Saturday, August 16, 2008

The deafening silence of dissent: Humanae Vitae after Forty years

The deafening silence of dissent
Humanae Vitae insists that the Church’s writ runs as far as the marital bedroom, but many married couples have disagreed. The ensuing breakdown in communication between Church and society has cost both dear


What kind of Church has the Catholic Church become in the last 40 years since Humane Vitae was published? To focus only on its rejection of artificial birth control would be to do the encyclical a disservice. For it is not without its understanding of love and acknowledges the unitive purpose of sexual intercourse.

The encyclical was published at a time when Victorian prudery had been undermined by dramatic social changes in postwar Britain – and in Europe – and literature and film offered radically different ideas about the nature of sexual love from the conventions of Christianity. Humanae Vitae acknowledged how changes in society affect marriage and family life. It refreshingly recognises the “new understanding of the dignity of woman and her place in society”.

The encyclical insisted that there must be no division between the unitive and procreative aspect of sexual intercourse. The alternatives were abstinence or natural family planning, restricting sex to the infertile periods of a woman’s cycle. Its critics argue, of course, that the very fact that women have this infertile period suggests that for a woman at least nature makes a division between the unitive and procreative aspects of sex.

One of the greatest ironies of the last 40 years is that the pressures on couples now seem to have reversed. For many of them, the difficulty is not avoiding pregnancy but getting pregnant at all. Research suggests that professional couples are often too exhausted for lovemaking during their most fertile years so that procreative sex is the problem today. The interest in the natural cycle of a woman is to often track her fertility in order to conceive. Pharmacy shelves are filled with kits to analyse ovulation. Even natural family planning practitioners are often asked to help people conceive, rather than help avoid pregnancy. They do so by encouraging a more holistic approach to life, helping people find ways of dealing with stress, the most insidious cause of damage to the contemporary relationship.

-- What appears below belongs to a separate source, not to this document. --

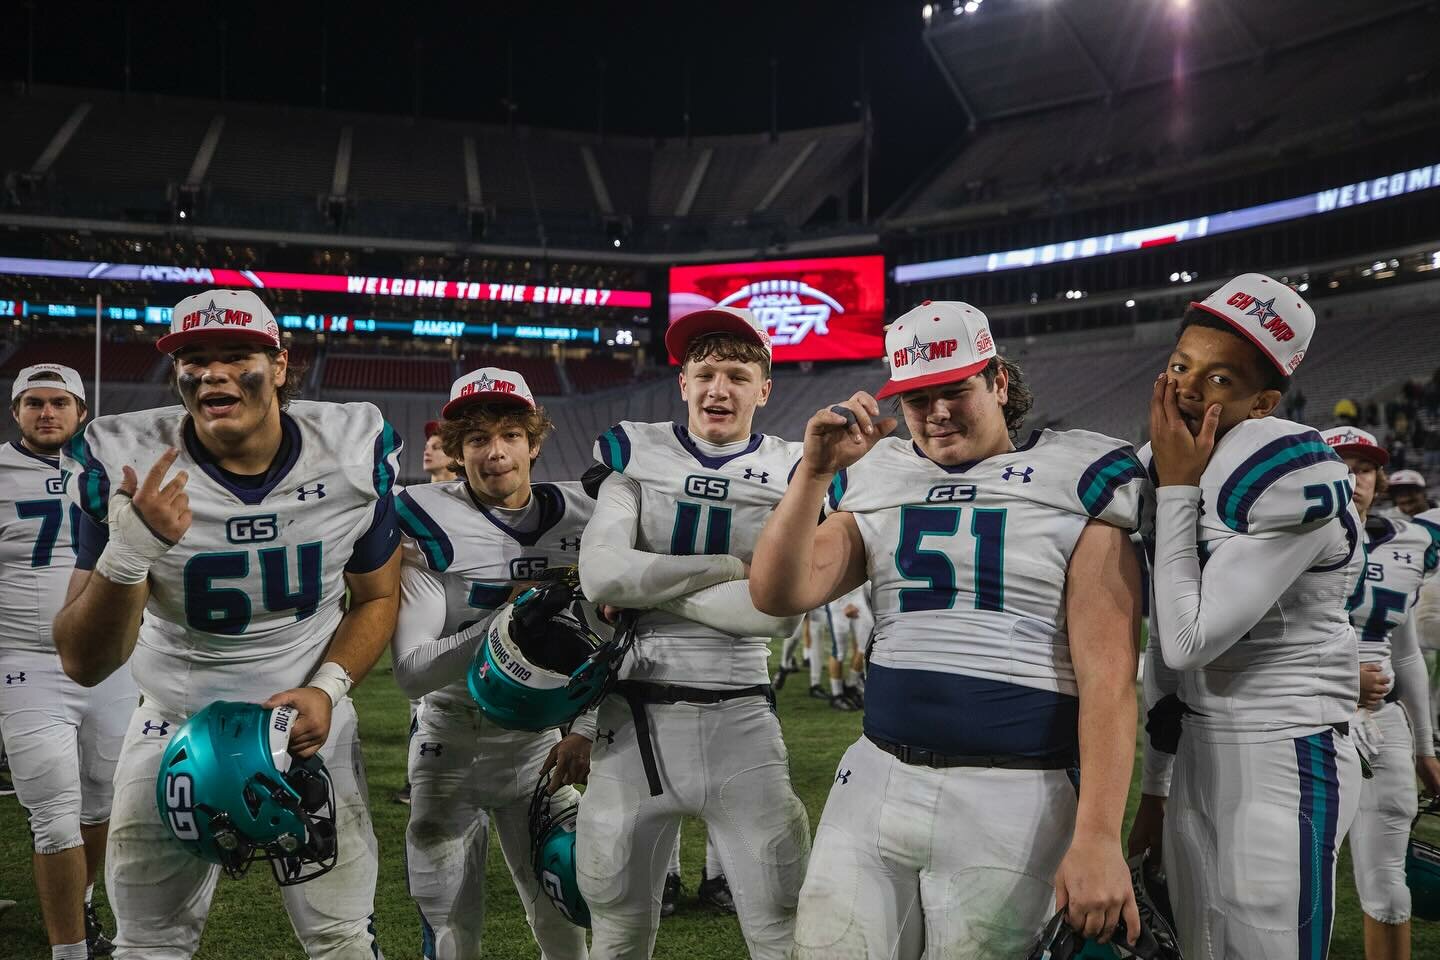 Dolphin football players including Sam Schepker (64), Will Langston (27), Carter Byrd (4), Brantley Akins (51) and Jonathan Jackson (24) celebrate the 21-14 win over Ramsay that crowned Gulf Shores as Class 5A state champions at Bryant-Denny Stadium on Thursday, Dec. 7. The 2023 Dolphin team became the first in program history to finish a season undefeated at 15-0.

Does this therefore make Humanae Vitae prophetic, given the sexual dysfunctioning of society? The theologian Tina Beattie has argued the opposite – that in fact “Humanae Vitae has had a disastrous effect on the Church’s capacity to influence the public sphere with respect to sexual morality”. It damaged the authority of the Church for many loyal and faithful Catholics, she says, and also gave those outside the Church reason for ignoring it. While it is not the role of the Church to bend to the will of society, it clearly has a role to play in dialogue with the world. Both are losing from this breakdown in communication.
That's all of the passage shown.